A propósito da interpretação da lei em face da Constituição, ou da interpretação conforme à Constituição, diz-nos o Prof. Jorge Miranda, in Manual de Direito Constitucional, TOMO II, Introdução À Teoria da Constituição, 2.ª edição, Coimbra Editora, 1987, p. 232 e segs, que do que se trata, antes de mais, é de “[…] levar em conta, dentro do elemento sistemático da interpretação, aquilo que se reporta à Constituição. Com efeito, cada disposição legal não tem somente de ser captada no conjunto das disposições da mesma lei e cada lei no conjunto da ordem legislativa; tem outrossim de se considerar no contexto da ordem constitucional [..]”. (sublinhado nosso)

O entendimento que considera estar consagrada no n.º 1 do art.º 3.º do CIUC uma presunção legal ilidível suporta-se em diversos elementos de interpretação, entre os quais cabe referir o elemento sistemático, na medida em que a interpretação conforme à Constituição implica que dentro do elemento sistemático da interpretação, se leve em conta aquilo que se reporta à Constituição.

Sobre o mencionado elemento sistemático cabe referir o seguinte:

a) No entendimento de BAPTISTA MACHADO, in Introdução ao Direito e ao Discurso Legitimador, p. 183, o elemento sistemático […] compreende a consideração das outras disposições que formam o complexo normativo do instituto em que se integra a norma interpretanda, isto é, que regulam a mesma matéria (contexto da lei), assim como a consideração de disposições legais que regulam problemas normativos paralelos ou institutos afins (lugares paralelos). Compreende ainda o lugar sistemático que compete à norma interpretanda no ordenamento global, assim como a sua consonância com o espírito ou unidade intrínseca de todo o ordenamento jurídico”.

b) É sabido que um princípio jurídico, no caso o princípio da equivalência, não existe isoladamente, antes está ligado por um nexo íntimo com outros princípios que integram, ao nível mais global, o respectivo ordenamento jurídico, no caso, com os demais princípios corporizados no sistema inscrito no CIUC, e com outros princípios constitucionalmente consagrados. Nesse sentido, cada artigo de um dado diploma legal, no caso o CIUC, só será compreensível se o situarmos, quer perante os demais artigos que o seguem ou antecedem, quer perante a ordem constitucional.

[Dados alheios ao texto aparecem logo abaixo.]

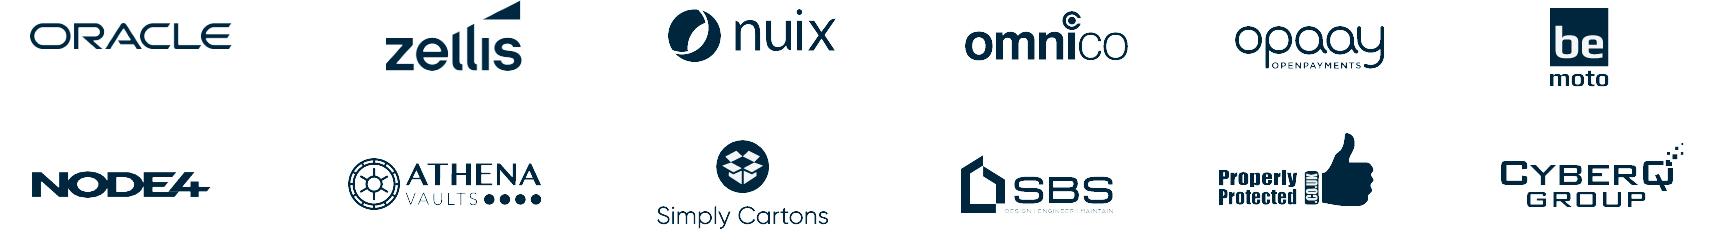 SSM Client Logos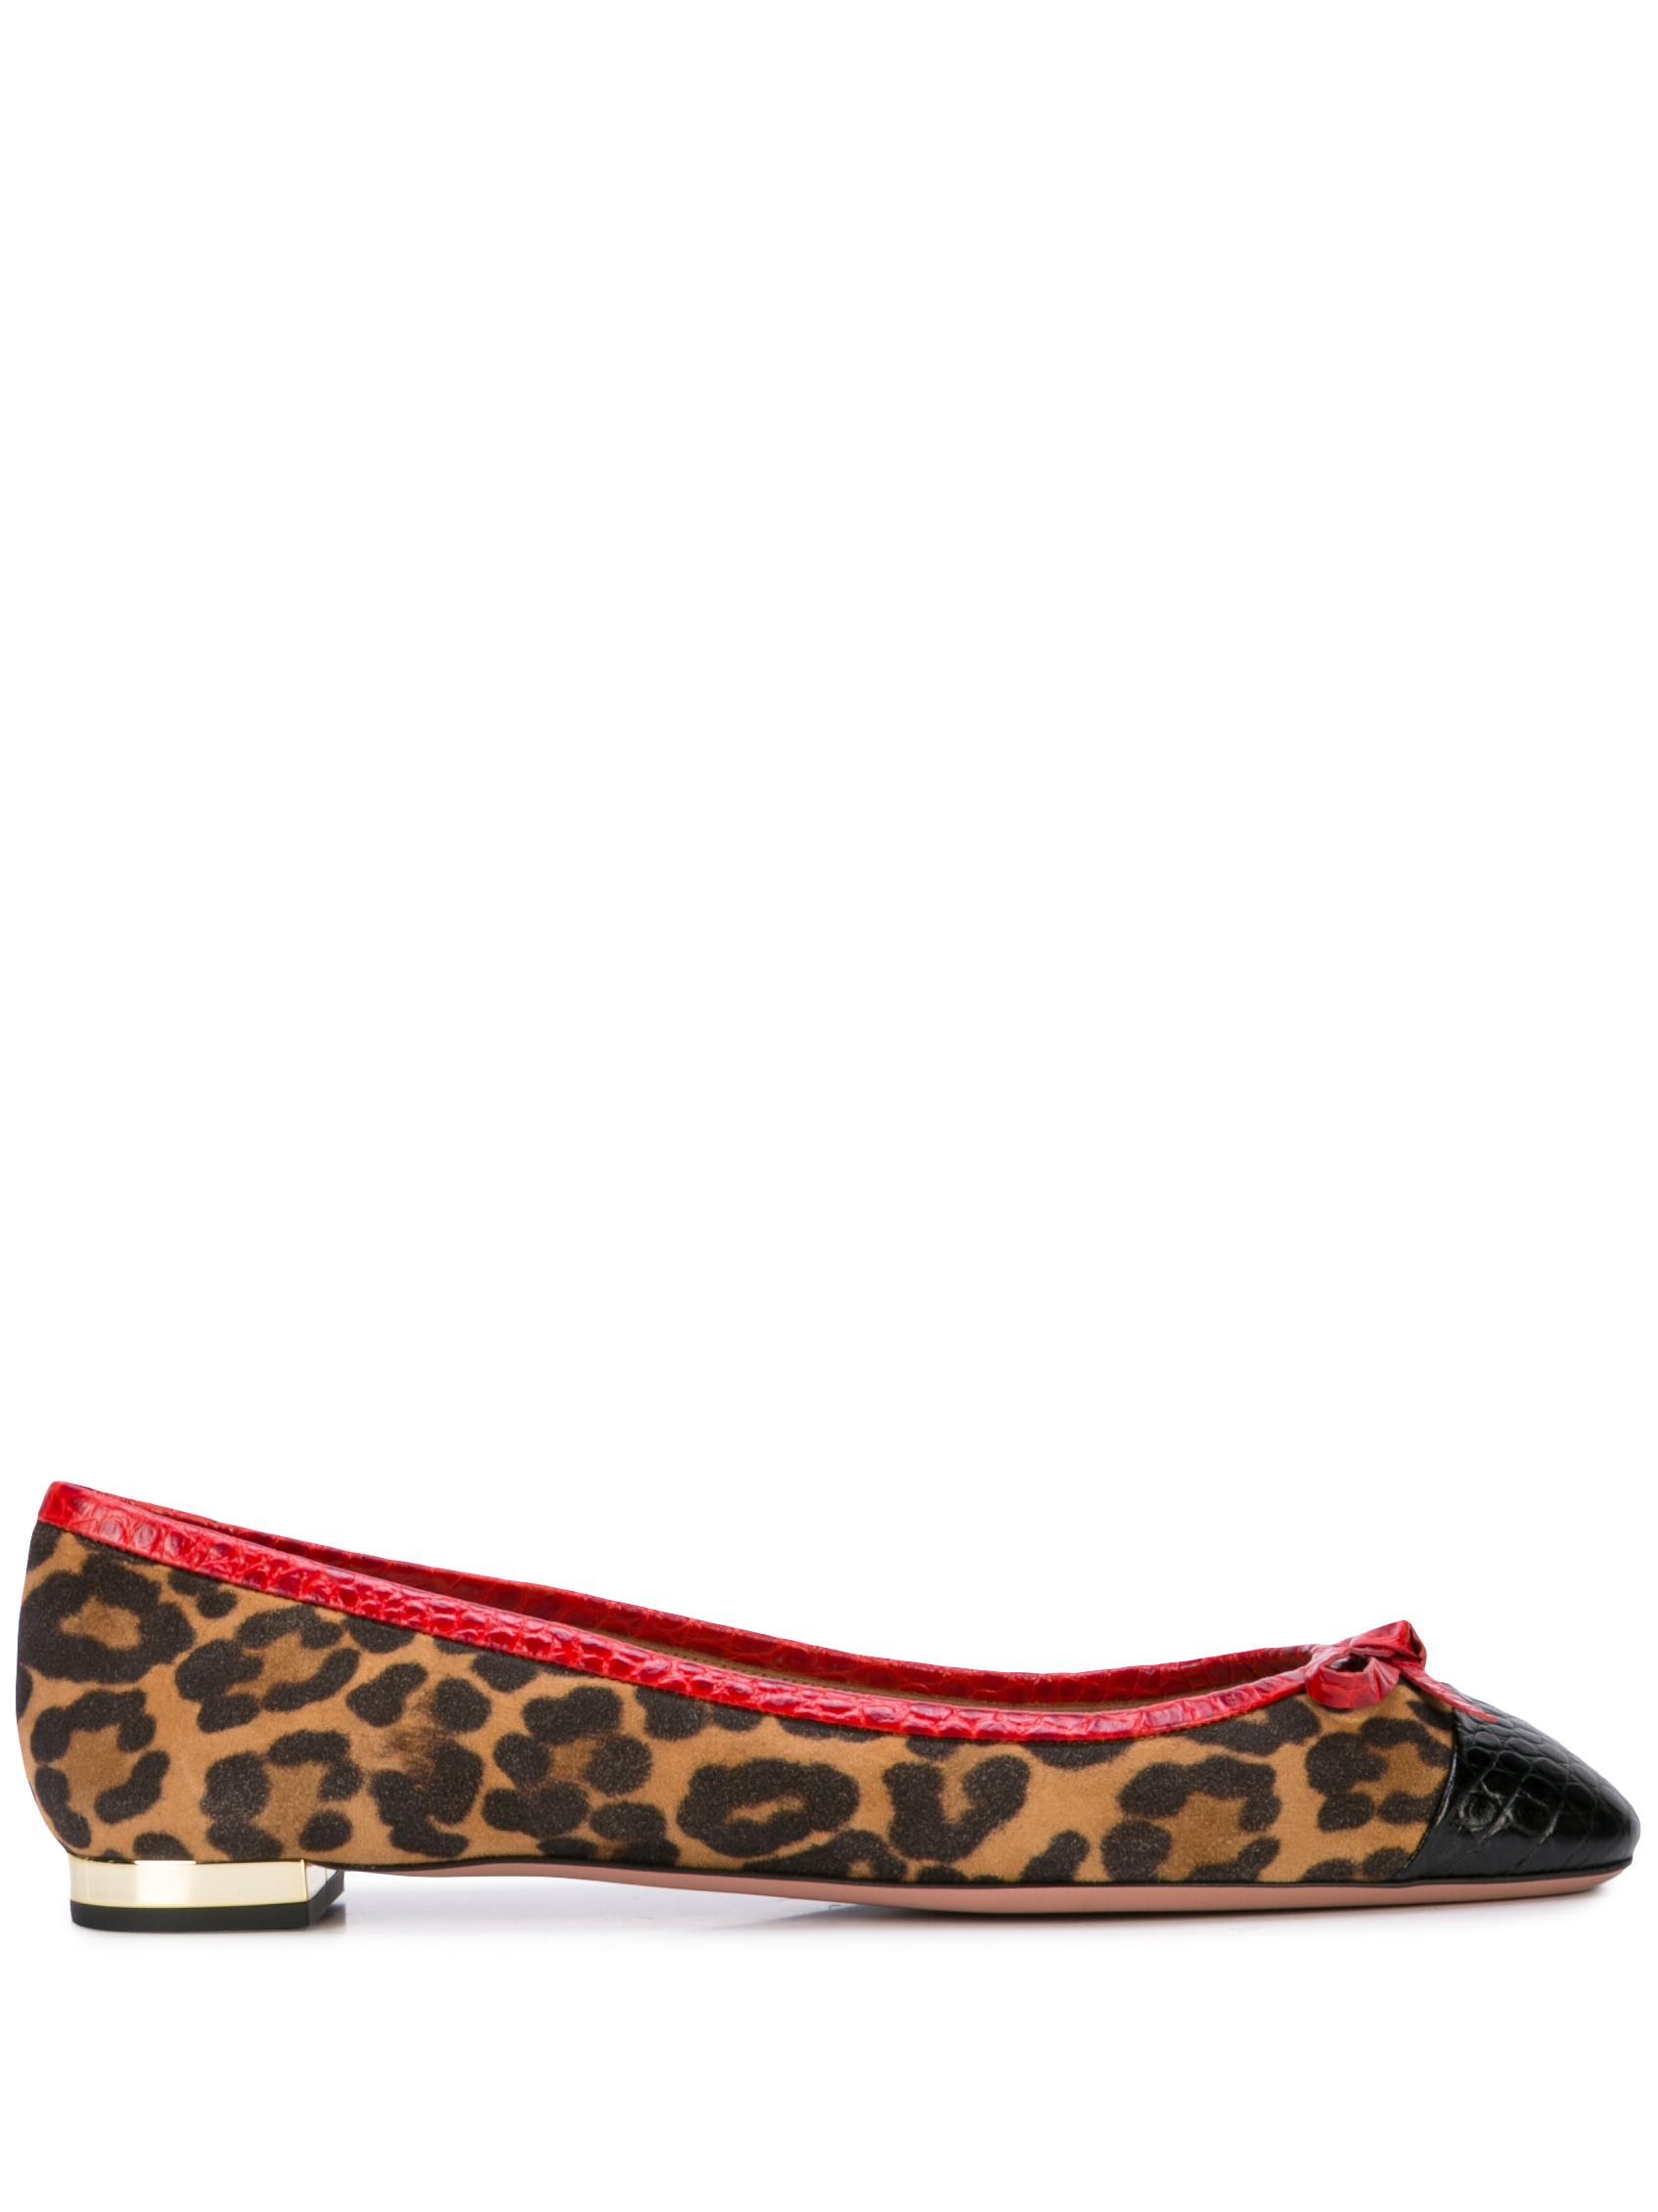 Moss Jaguar Suede/Print Crocodile Ballet Flat

c) No que à sistematização do CIUC diz respeito, as preocupações de ordem ambiental foram determinantes para que o mencionado princípio da equivalência fosse, desde logo, inscrito no primeiro artigo do referido Código, o que, necessariamente conduz a que os artigos subsequentes, na medida em que têm assentamento em tal princípio, sejam por ele influenciados. Foi o que ocorreu, designadamente, com a base tributável, que passou a ser constituída por diversos elementos, particularmente pelos respeitantes aos níveis de poluição, e com as taxas do imposto, estabelecidas nos artigos 9.º a 15.º, que foram influenciadas pela componente ambiental, e, naturalmente, também com a própria incidência subjectiva, prevista no artigo 3.º do CIUC, que não poderá furtar-se à influência referida.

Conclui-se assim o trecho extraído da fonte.